Git diff line count data generation method

There were two steps used to generate the data samples collected within the GitClear Code Line Reduction Analysis spreadsheet.


linkExtracting data samples from the GitClear code database

To procure representative commit groups, we started by grabbing commit group IDs within the range being tested:


cges = CommitGroupExtra.joins(:commit_group).includes(:commit_group).limit(10_000).where.
not(lines_saved_by_file: [nil, '{}', '[]']).where.not(checkup_complete_at: nil).where(commit_groups: { value: 301..600 })


Then we ran a loop to whittle those groups down to only those that had a unique set of commits, so we don't double-count any groups if we happen to build the same set of commits multiple times:


indexed = {}
cge_ids = cges.map do |cge|
next nil unless (comp = cge.derive_comparison_result(cge.commit_group)) && cge.patch_line_count.try(:>, 0) &&
cge.gitclear_line_count.try(:>, 0)
next if indexed[cge.distilled_commit_ids]
indexed[cge.distilled_commit_ids] = true
cge.id
end


This loop relies on the derive_comparison_result method to create a Struct that has a count of changed lines on GitClear and the git provider. Here is the implementation of that method:

def derive_comparison_result(commit_group, provider_name: nil)
return nil unless commit_group
provider_name ||= commit_group.repo.entity.remote_endpoint.provider_name
 
cgcf_ids = lines_saved_by_file.values.pluck("id")
code_files_by_cgcf_id = commit_group.commit_group_code_files.where(id: cgcf_ids).preload(:code_file).inject({}) { |h, cgcf| h.merge(cgcf.id => cgcf.code_file) }
cumulative_lines_saved, cumulative_patch_count, cumulative_gitclear_lines = 0, 0, 0
 
file_comparisons = lines_saved_by_file.map do |file_path, saved_hash|
patch_count = saved_hash["patch_changed_line_count"]
gitclear_count = saved_hash["gitclear_changed_line_count"]
next nil unless (code_file = code_files_by_cgcf_id[saved_hash["id"]])
cumulative_patch_count += patch_count
cumulative_gitclear_lines += gitclear_count
saved_lines = patch_count - gitclear_count
cumulative_lines_saved += saved_lines
html = <<~HTML
<div class='file_comparison_line'>
#{ file_path }: #{ provider_name } #{ patch_count }, GitClear #{ gitclear_count }.
<a href='#code_file_#{ code_file.id }' onClick='GitClear.UI.Commit.compareToProvider(event, #{ code_file.id })' title="Clicking this label will open the same file diff on your git provider, but only if you allow your browser to permit GitClear to open a tab. You will probably need to click an icon to allow it.">
#{ saved_lines > 0 ? "<span class='saved_pr_file_label'>Saved #{ StringUtility.pluralize(saved_lines, "line") }</span>" : "No lines saved" }
</a>
</div>
HTML
[ saved_lines, html.squeeze(" ").html_safe ]
end.compact
 
FileComparison.new(file_comparisons, cumulative_patch_count, cumulative_gitclear_lines)
end


These steps reduce 10,000 prospect commit groups down to 3,000-5,000 commit groups per strata. Then we have to print them out in a consistent order to paste into the spreadsheet


puts CommitGroupExtra.includes(:commit_group).where(id: cge_ids.compact).order(:id).map { |cge|
(comp = cge.derive_comparison_result(cge.commit_group)) && comp.gitclear_line_count }.join("\n")

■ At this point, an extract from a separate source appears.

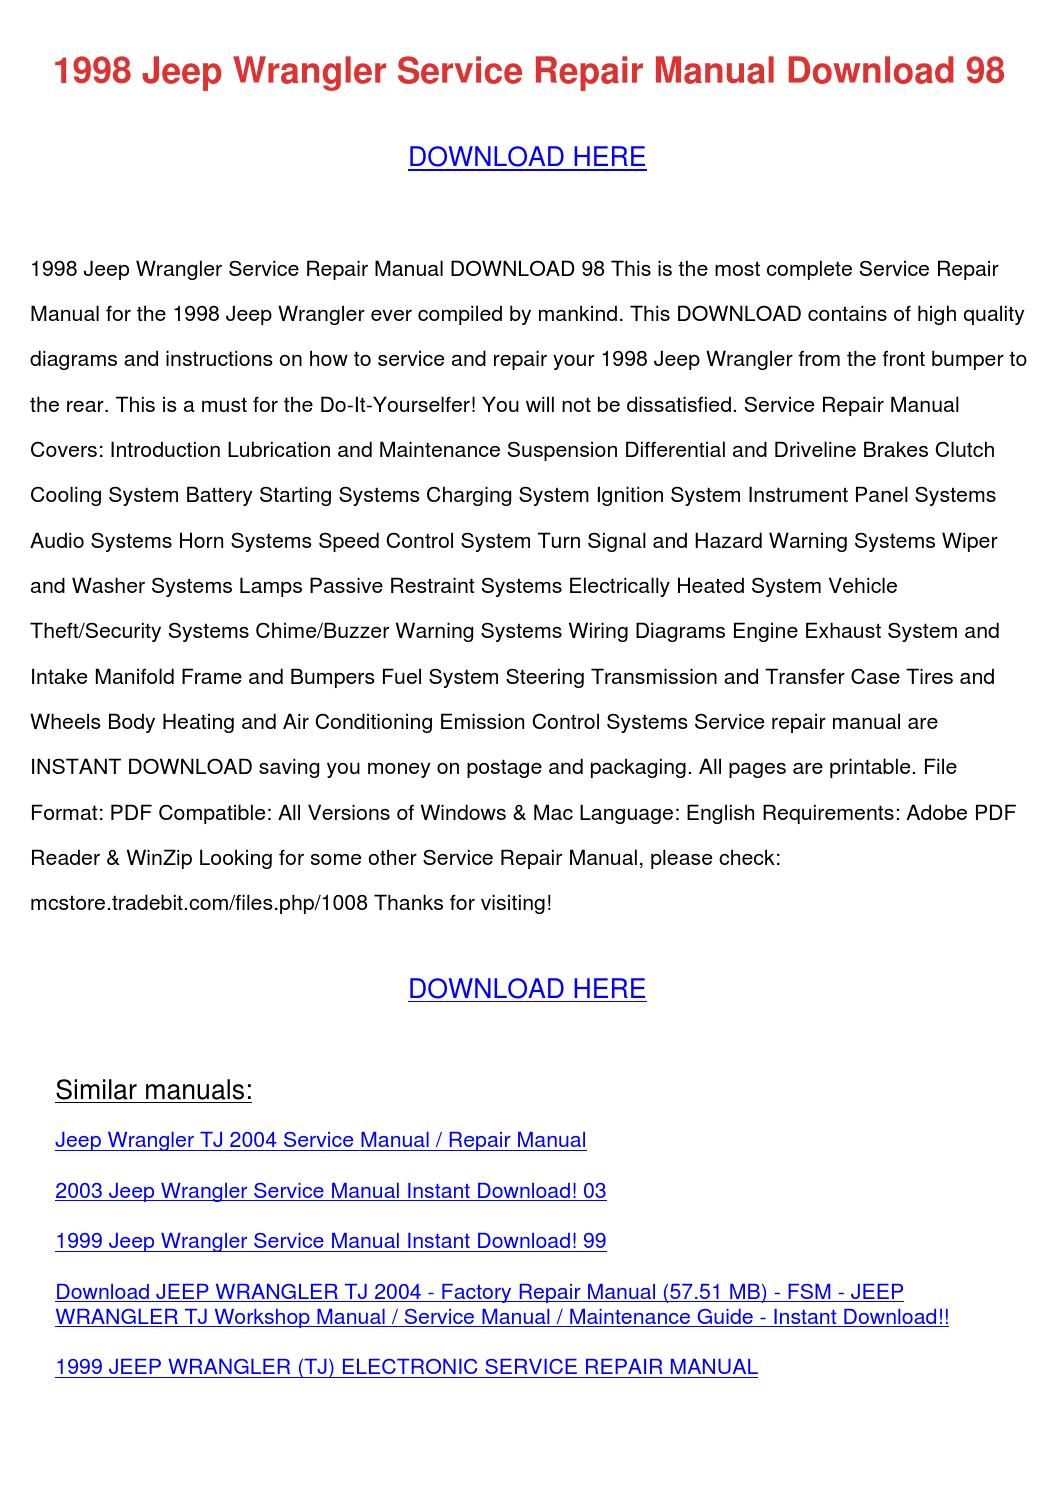 1998 Jeep Wrangler Service Repair Manual Down By Maymcvay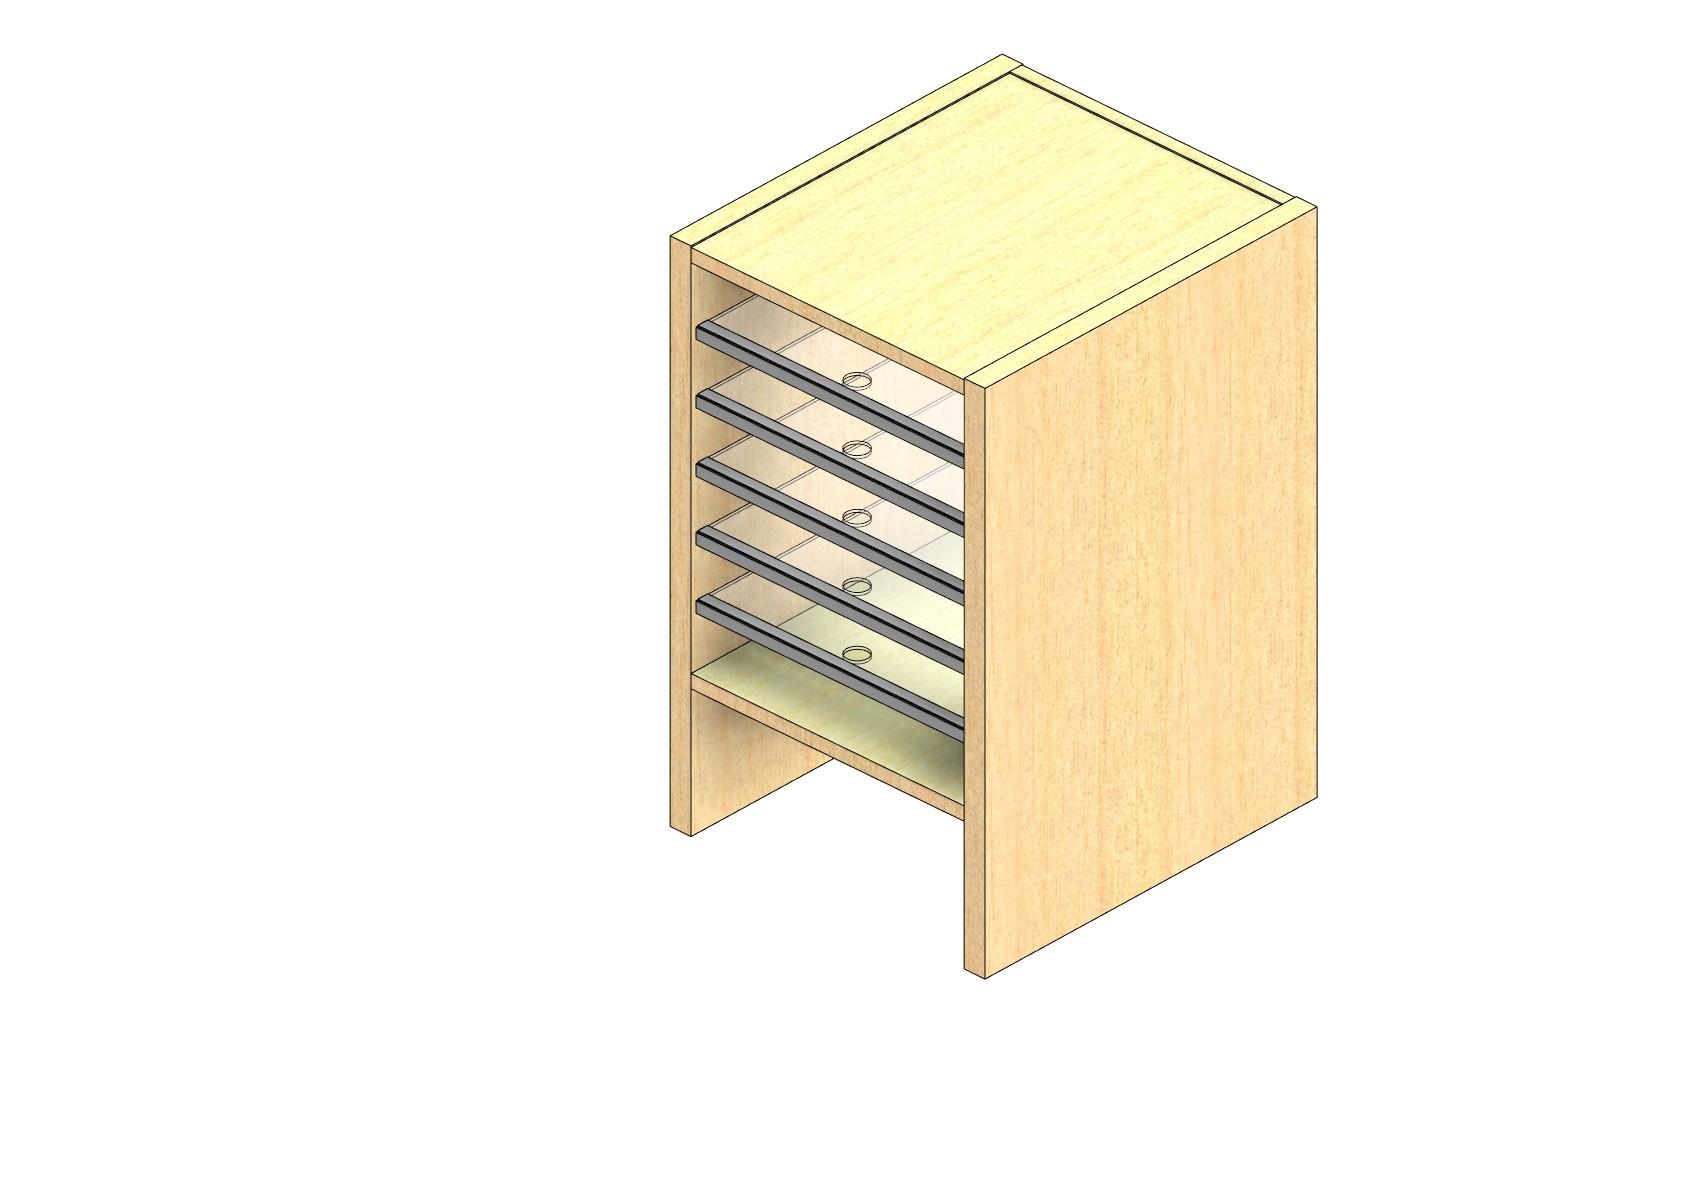 "Oversize Sized Plexi Back Sort Module - 1 Column - 18"" Sorting Height w/ 6"" Riser"

The resulting list of numbers was pasted into a column of the spreadsheet.


linkFiltering outliers and potential low quality data within spreadsheet

After pasting this data into the spreadsheet, two additional steps were taken to reduce noise and outlier results. These steps should reduce skew of the averages, to offer a higher-accuracy interpretation of the delta between GitClear and a conventional git patch.


Eliminate any results that suggest GitClear saves more than 70% lines (a generally implausible result)

Eliminate code changes where the patch lines are above the 95th percentile of size relative to the group analyzed.


Without these normalization tactics, the data would most likely show an even stronger reduction in code lines from GitClear, but we feel that these gains may be reverted as the methodology improves, so we proactively eliminate the outlier data prior to calculating the statistics provided in the current research.